Они снова заговорили ни о чем; разговор их то и дело соскальзывал куда-то в сторону, замирал и снова вспыхивал. Вера смотрела по сторонам, постукивала туфелькой об пол, улыбалась официанту, иногда замолкала невпопад – и он ужасно боялся, что она вдруг поднимется, возьмет в руки свою маленькую сумочку, скажет: «Спасибо за ужин, Виктор. Мне пора» – и снова исчезнет прежде, чем он сумеет что-либо предпринять. Ее необходимо было удержать, и он изо всех сил старался не дать беседе окончательно прерваться, говорил, говорил и говорил, и ловил ее улыбку, и, не отрываясь, смотрел на ее губы, которые время от времени произносили его собственное имя и к которым так и тянуло прижаться поцелуем.
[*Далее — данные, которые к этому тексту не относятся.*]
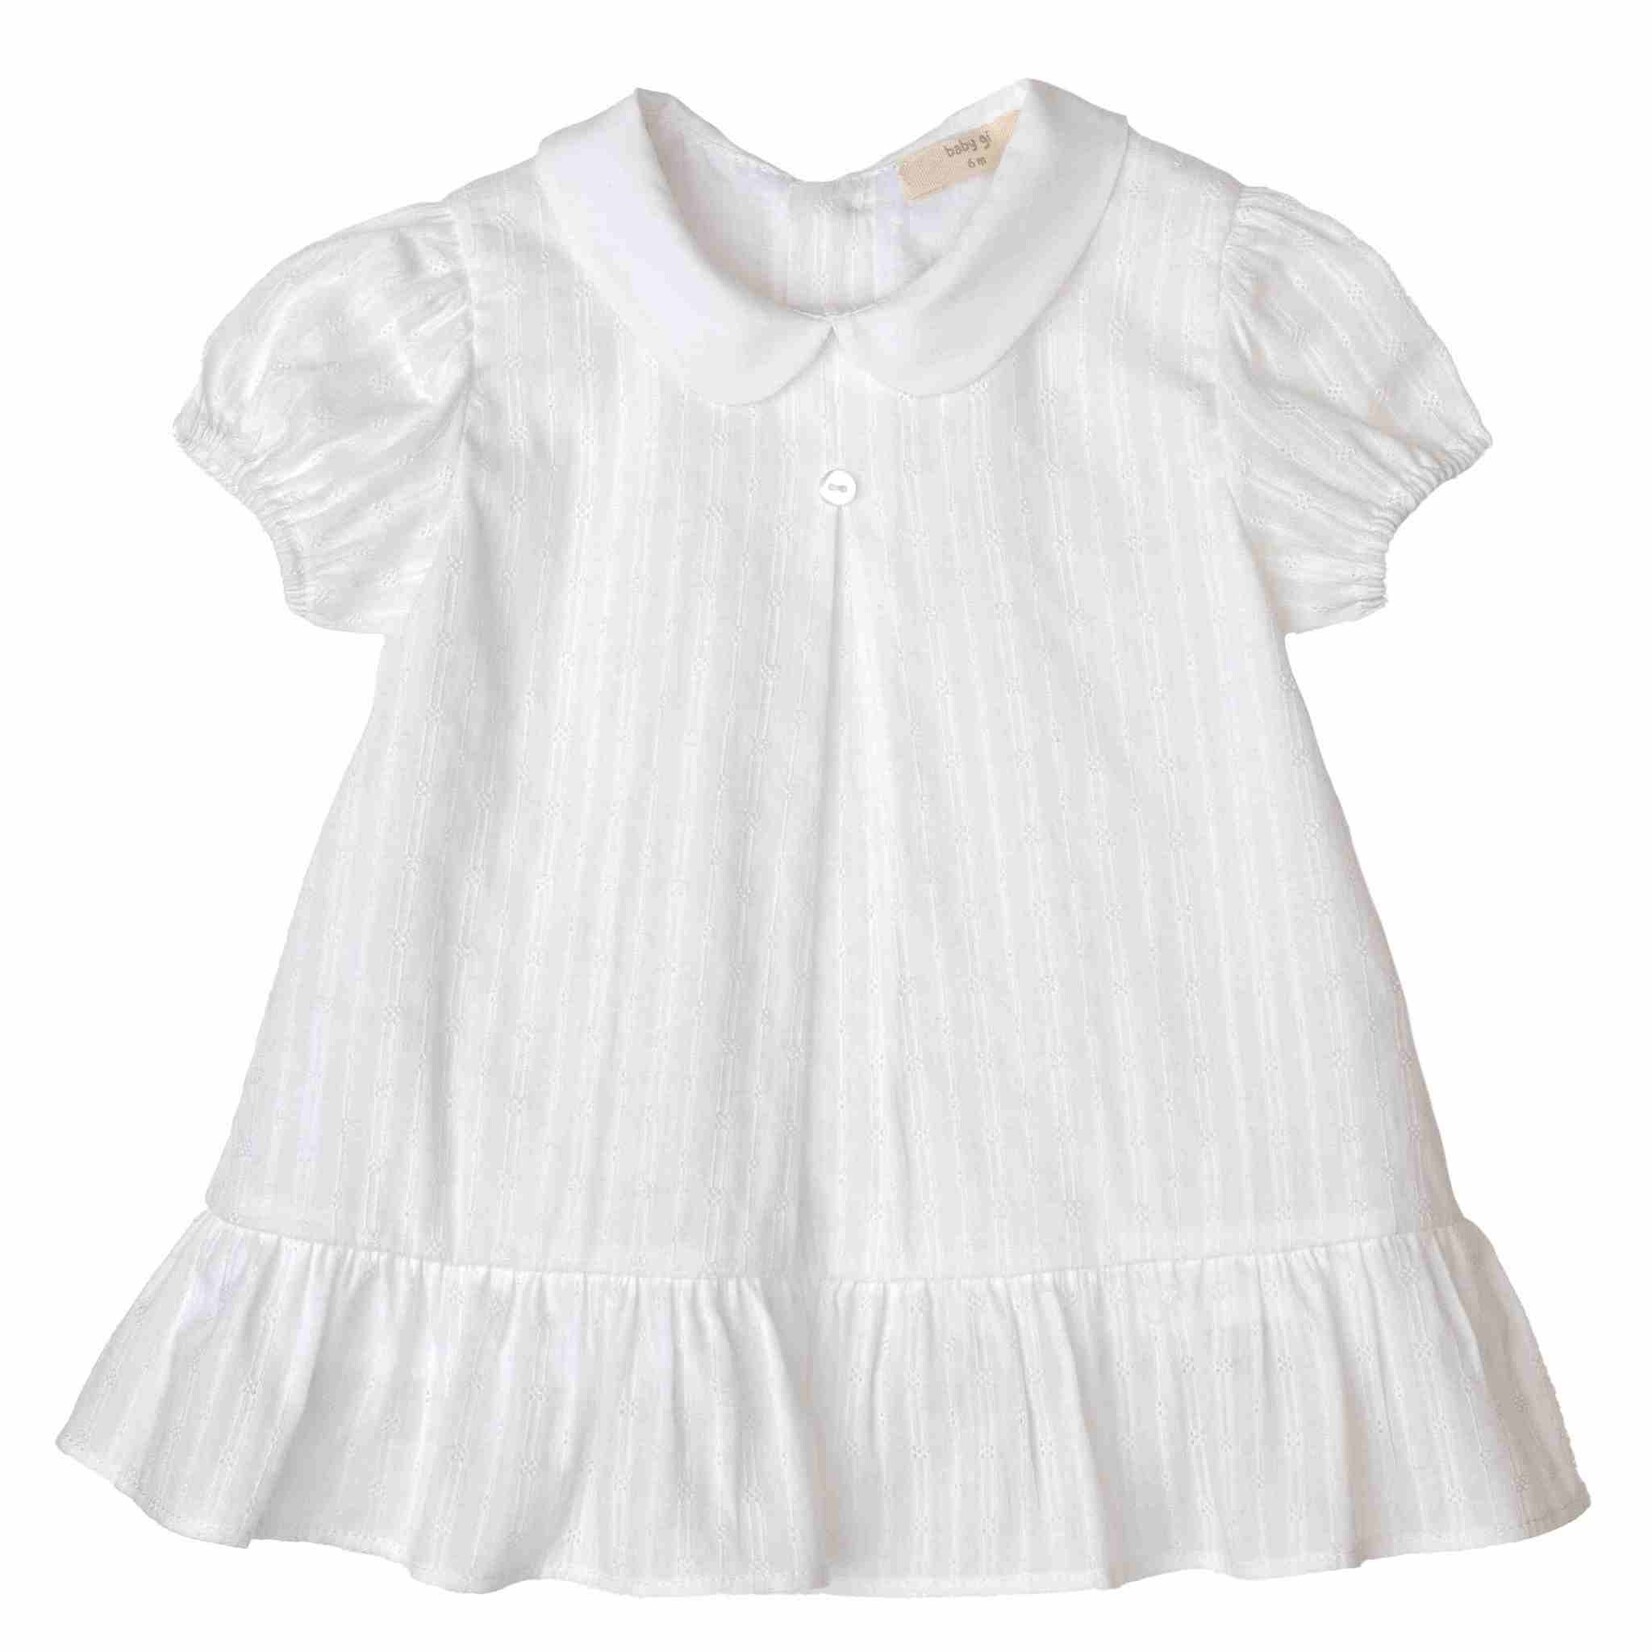 Baby Gi Baby Gi - Ivory jurk met broekje - pure

– А знаешь, я ведь искал тебя, – осмелился признаться он, когда многое уже было сказано намеками и недоговоренностями, когда уже прозвучали в разговоре слова: «Я скучал», «Я не знал», «Я хотел бы»… – Я сумел раздобыть твой адрес и телефон. Звонил тебе и – ты не сердишься? – даже был у тебя на Сиреневом бульваре. Только твой домашний номер не отвечает, и дверь мне тоже никто не открыл…
– Я не сержусь, – она улыбнулась светлой, хотя и чуточку принужденной улыбкой, – но, понимаешь, я давно не живу там. Мне слишком далеко добираться из Измайлова до работы, и я…
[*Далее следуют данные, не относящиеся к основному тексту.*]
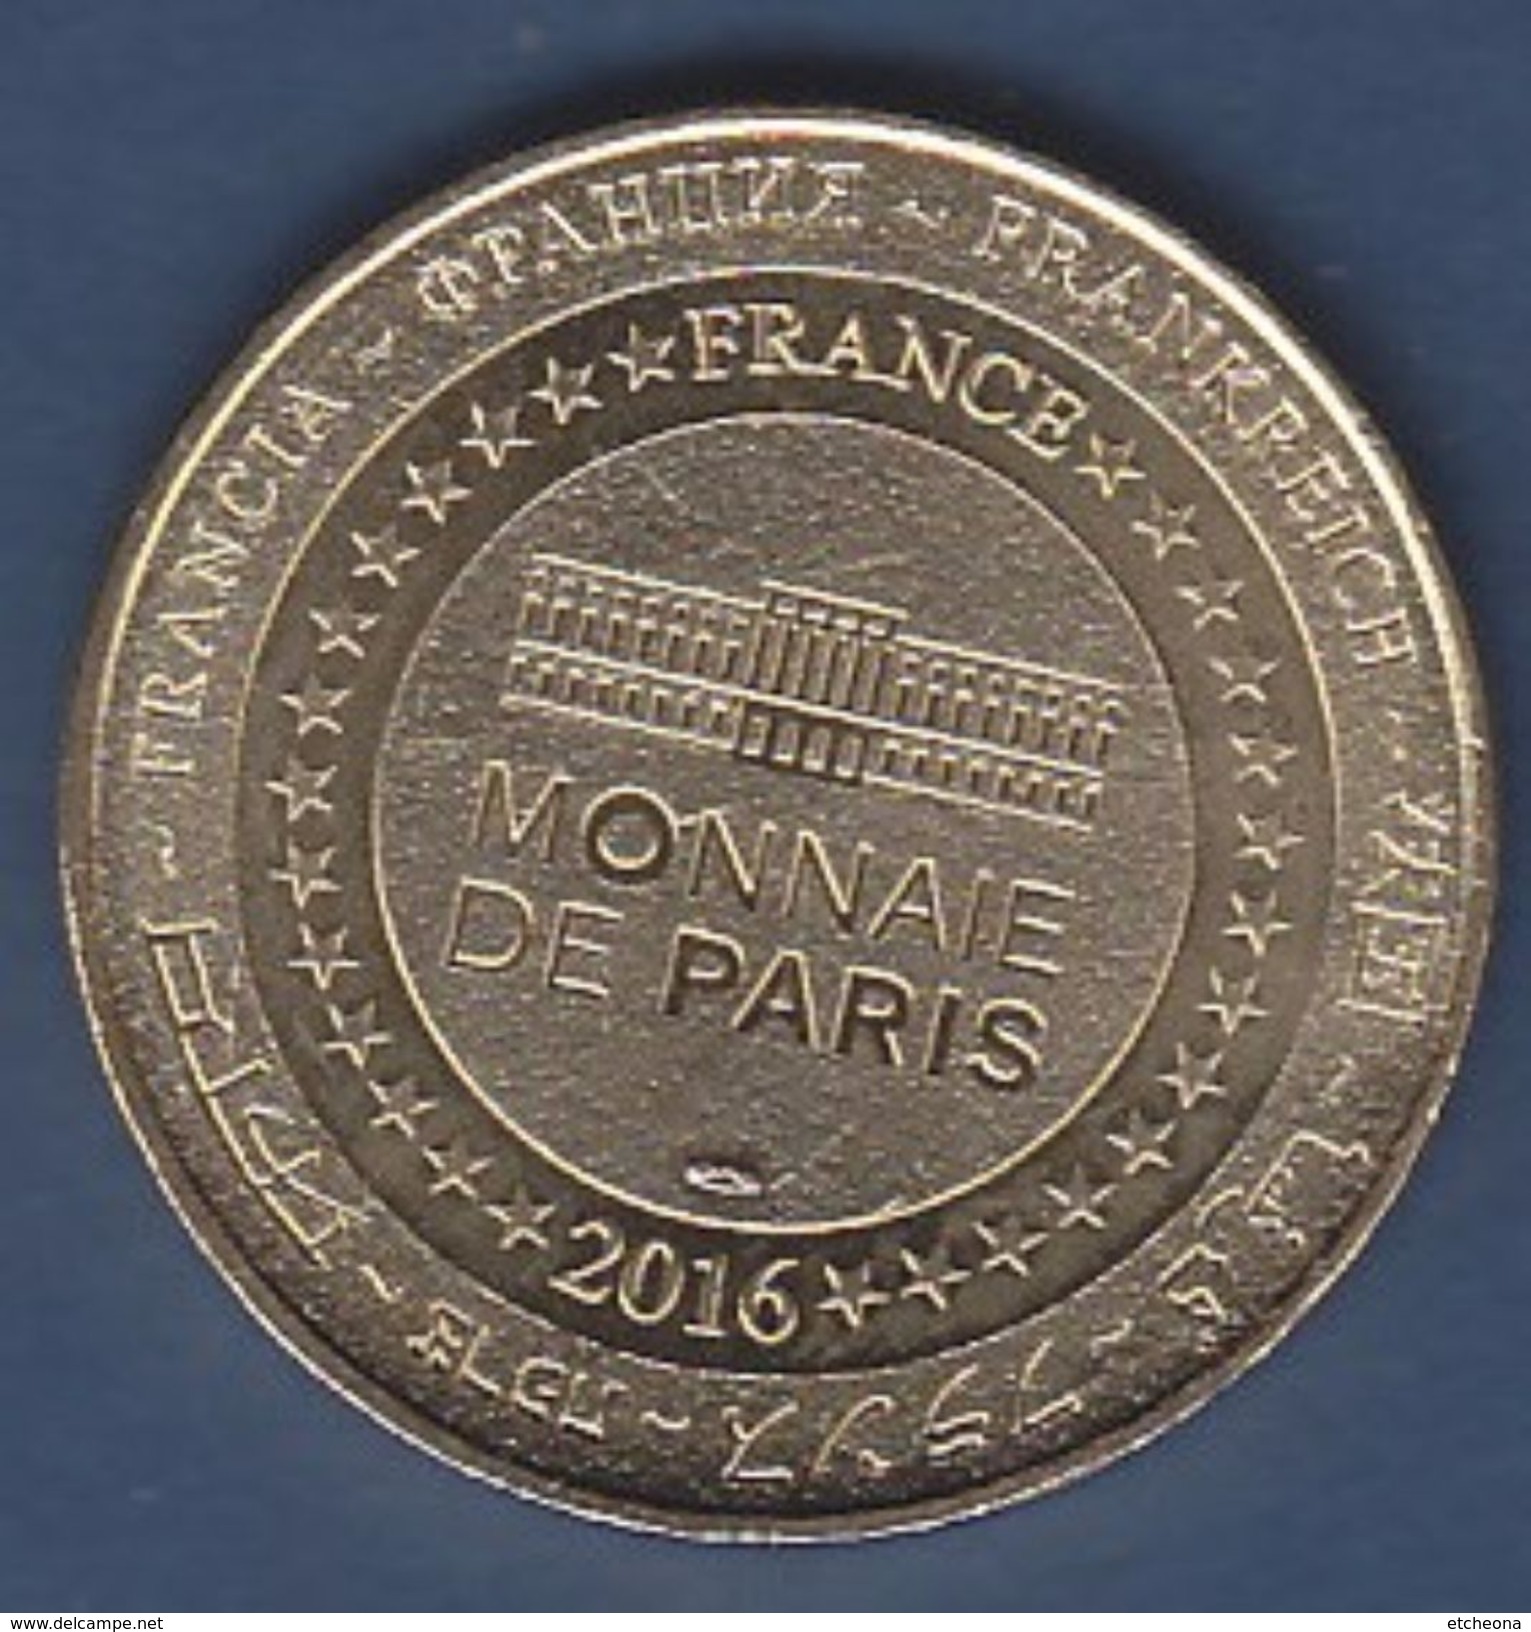 Jeton 2016 Le Futuroscope Imagic Bertran Lotth Jeton Médaille Touristique Monnaie De Paris - 2016

Она замолкла, и он смутился, совсем не желая, чтобы она в чем-то оправдывалась. Не все ли ему равно, почему она живет не там, где прописана?.. Разве это касается его, Виктора? Разве его касается хоть что-нибудь, кроме того, что она – рядом?
Но она вдруг закусила губу и посмотрела на него странным, почти виноватым взглядом.
– Я ведь тоже сама отыскала твой номер телефона, которого ты мне никогда не давал, – прошептала она, полуотвернувшись в сторону. – Ты не хочешь спросить меня… о чем-нибудь?
Волошин не хотел. Он жадно смотрел на Веру, впитывая каждое движение ее руки, каждый поворот головы, каждый плавный взмах длинных ресниц. Ему было все равно, когда и как она узнала его имя, его номер, его адрес… ах да! Адрес она не узнавала, он сам привез ее к себе в тот вечер. Что-то тугое, тяжелое билось в волошинской голове, что-то пыталось пробиться к его сознанию сквозь пахучий дым сигарет, сквозь Верины слова, сквозь острое желание, которое он испытывал, и нежность, затопившую его с головой… Что-то твердило ему о том, что надо бы все же задать Вере какой-то вопрос – тем более что она сама словно подталкивает его к этому, – и надо бы рассказать ей о человеке, караулившем ее на Сиреневом бульваре, и о его бессмысленной смерти, и о его опасной ненависти к ней… Ненависти больше не было, как не было и самого экс-банкира, умершего на лавочке близ Вериного дома, но что-то темное и тягучее осталось с Волошиным после смерти Васильцова, и это тягучее нужно было разорвать, разрешить… Но вместо этого он только любовался сидящей напротив женщиной, которая сводила его с ума одним видом длинных светлых волос. И он овладел неведомой ему прежде способностью мгновенно забывать о чем угодно – о банкире, о бульваре и о любых вопросах, как только Вера поднимала на него свои зеленоватые глаза и улыбалась ему трогательной, чуть виноватой улыбкой.